───── Provided data
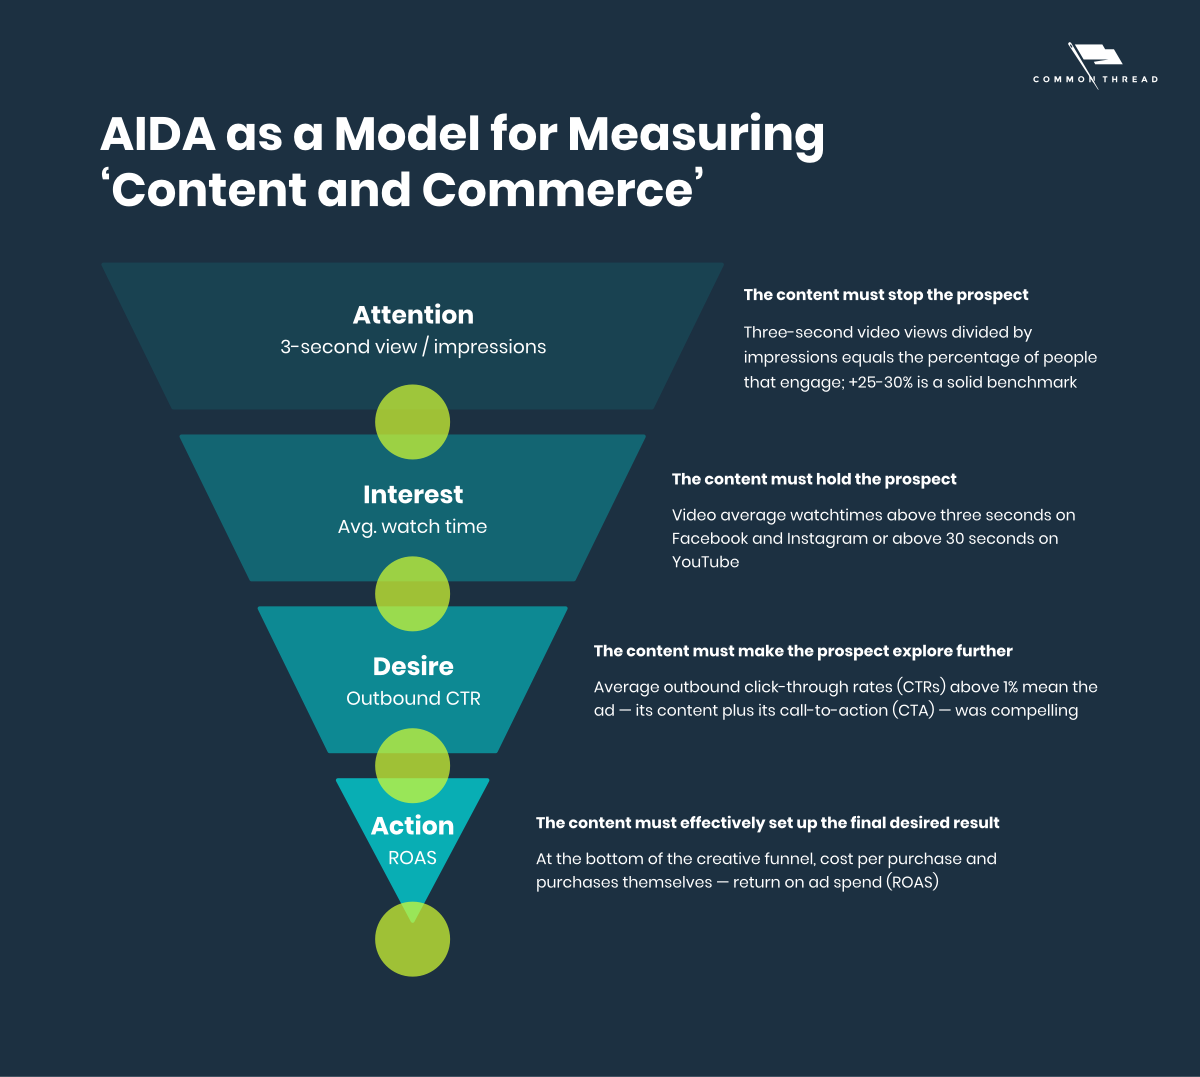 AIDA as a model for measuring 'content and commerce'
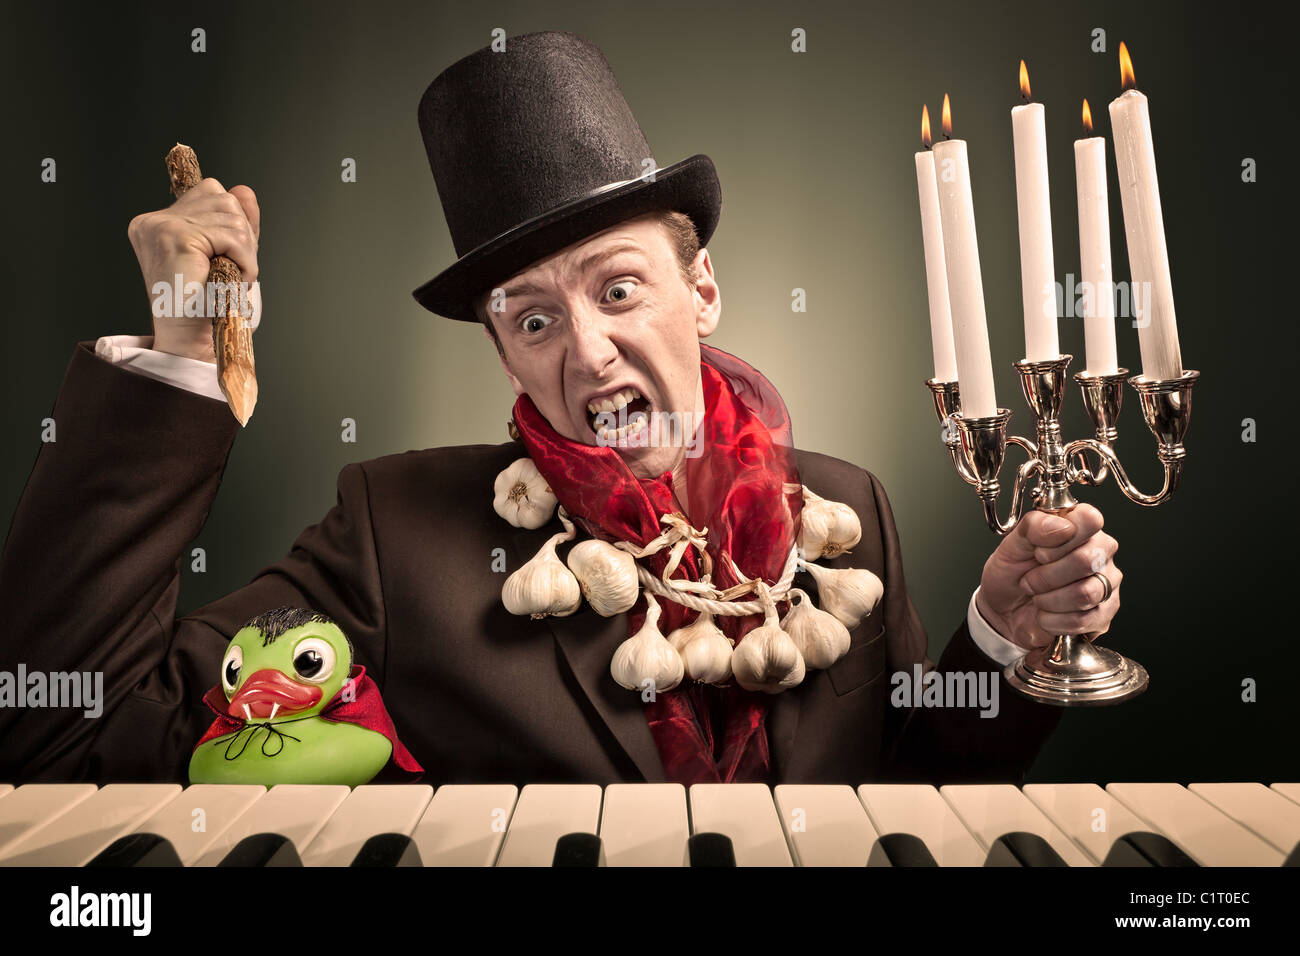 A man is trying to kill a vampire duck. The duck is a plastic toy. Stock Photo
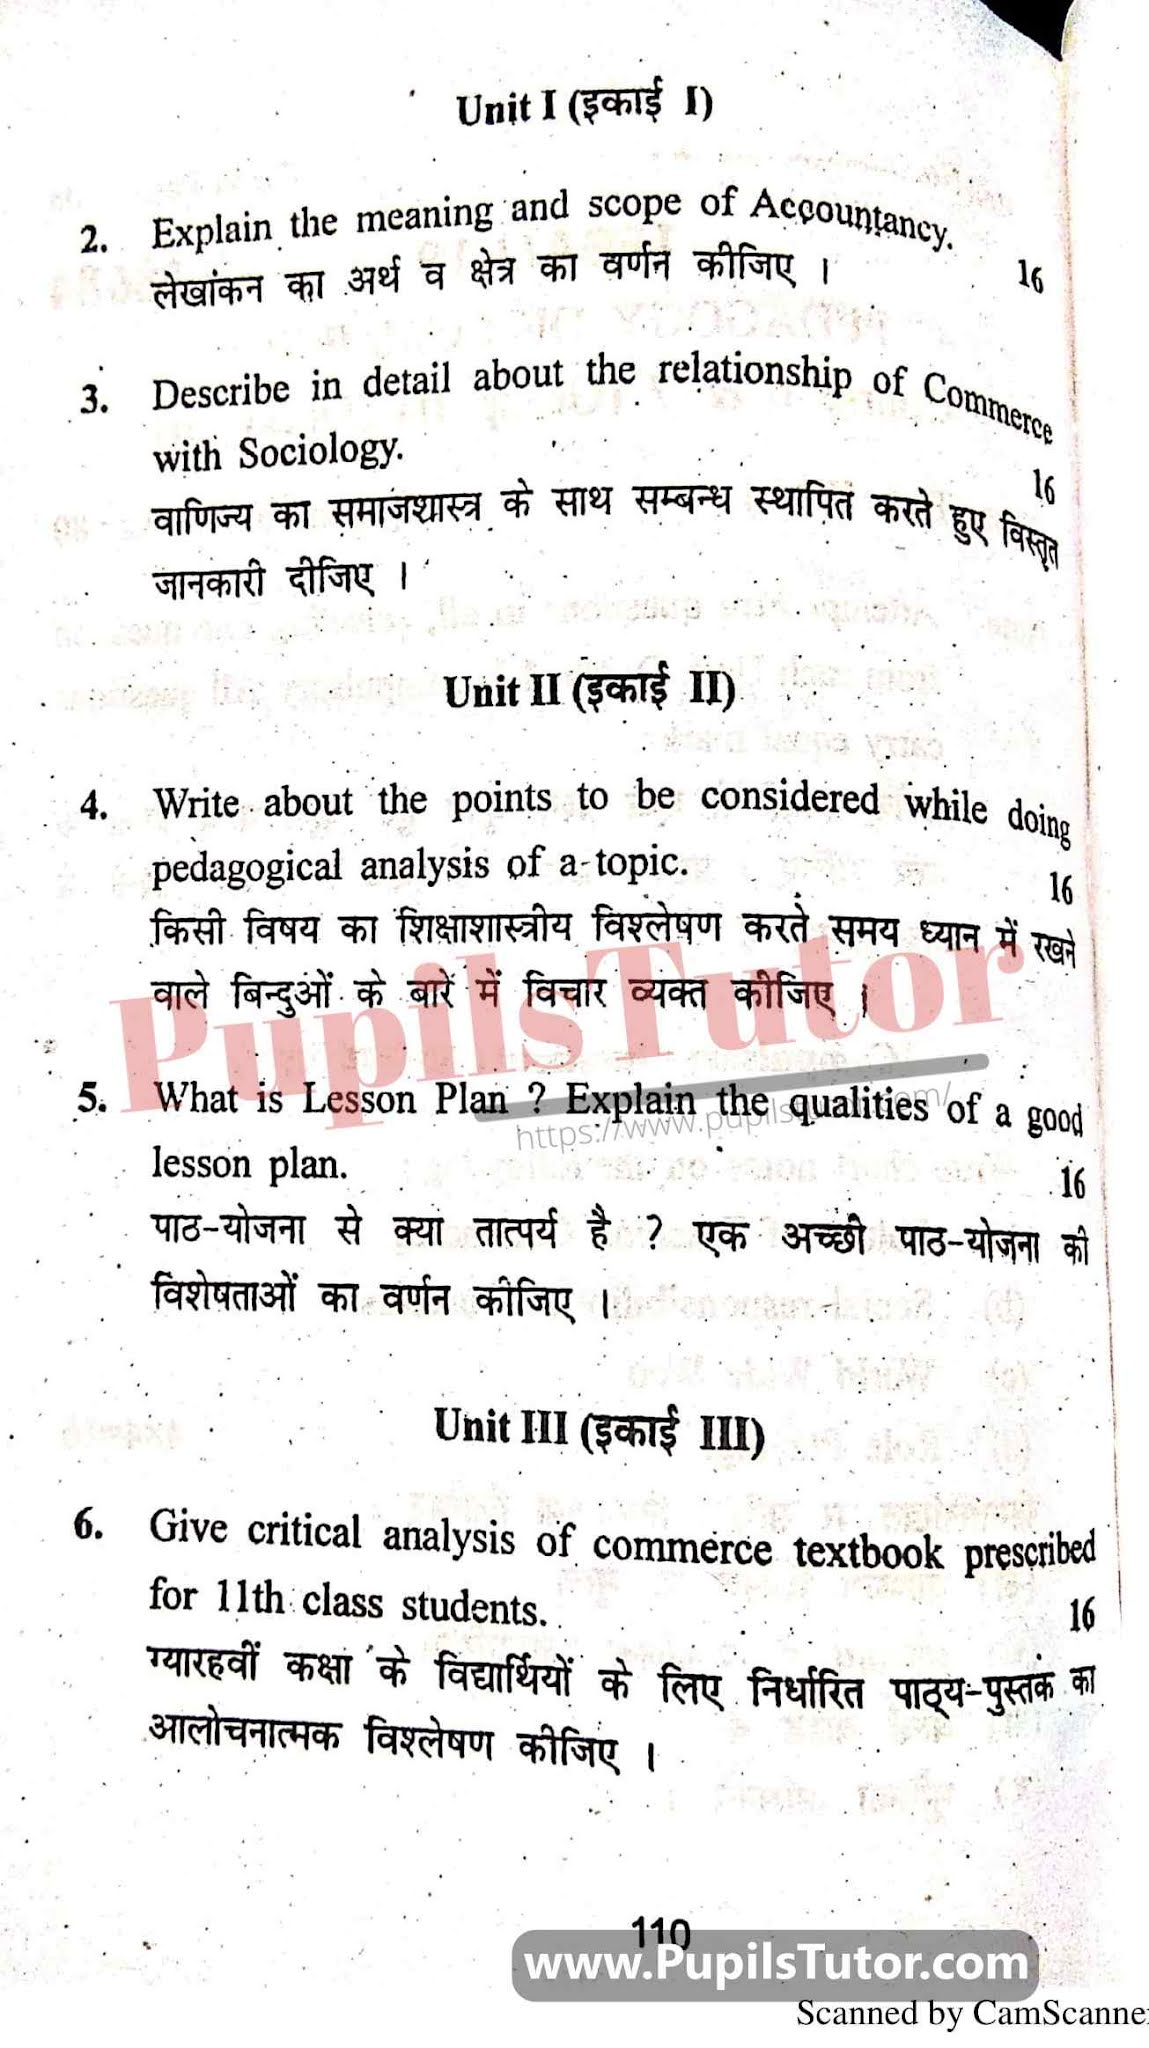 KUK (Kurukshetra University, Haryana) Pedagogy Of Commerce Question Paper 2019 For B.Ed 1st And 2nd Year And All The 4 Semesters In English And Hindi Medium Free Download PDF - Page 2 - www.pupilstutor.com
──────────
───── Provided data
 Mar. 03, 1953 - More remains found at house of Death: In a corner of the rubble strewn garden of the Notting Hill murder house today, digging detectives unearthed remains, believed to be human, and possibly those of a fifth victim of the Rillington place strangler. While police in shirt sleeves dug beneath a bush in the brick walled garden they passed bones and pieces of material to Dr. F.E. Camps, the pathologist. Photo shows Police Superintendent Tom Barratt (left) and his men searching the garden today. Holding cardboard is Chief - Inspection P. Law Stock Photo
──────────
- **Exercise objective**
Your answer must be everything above from the line with "AIDA as a model" down to the line with "KUK (Kurukshetra University, Haryana)", word for word, and no pictures.

- **Your solution**
 AIDA as a model for measuring 'content and commerce'
 A man is trying to kill a vampire duck. The duck is a plastic toy. Stock Photo
 KUK (Kurukshetra University, Haryana) Pedagogy Of Commerce Question Paper 2019 For B.Ed 1st And 2nd Year And All The 4 Semesters In English And Hindi Medium Free Download PDF - Page 2 - www.pupilstutor.com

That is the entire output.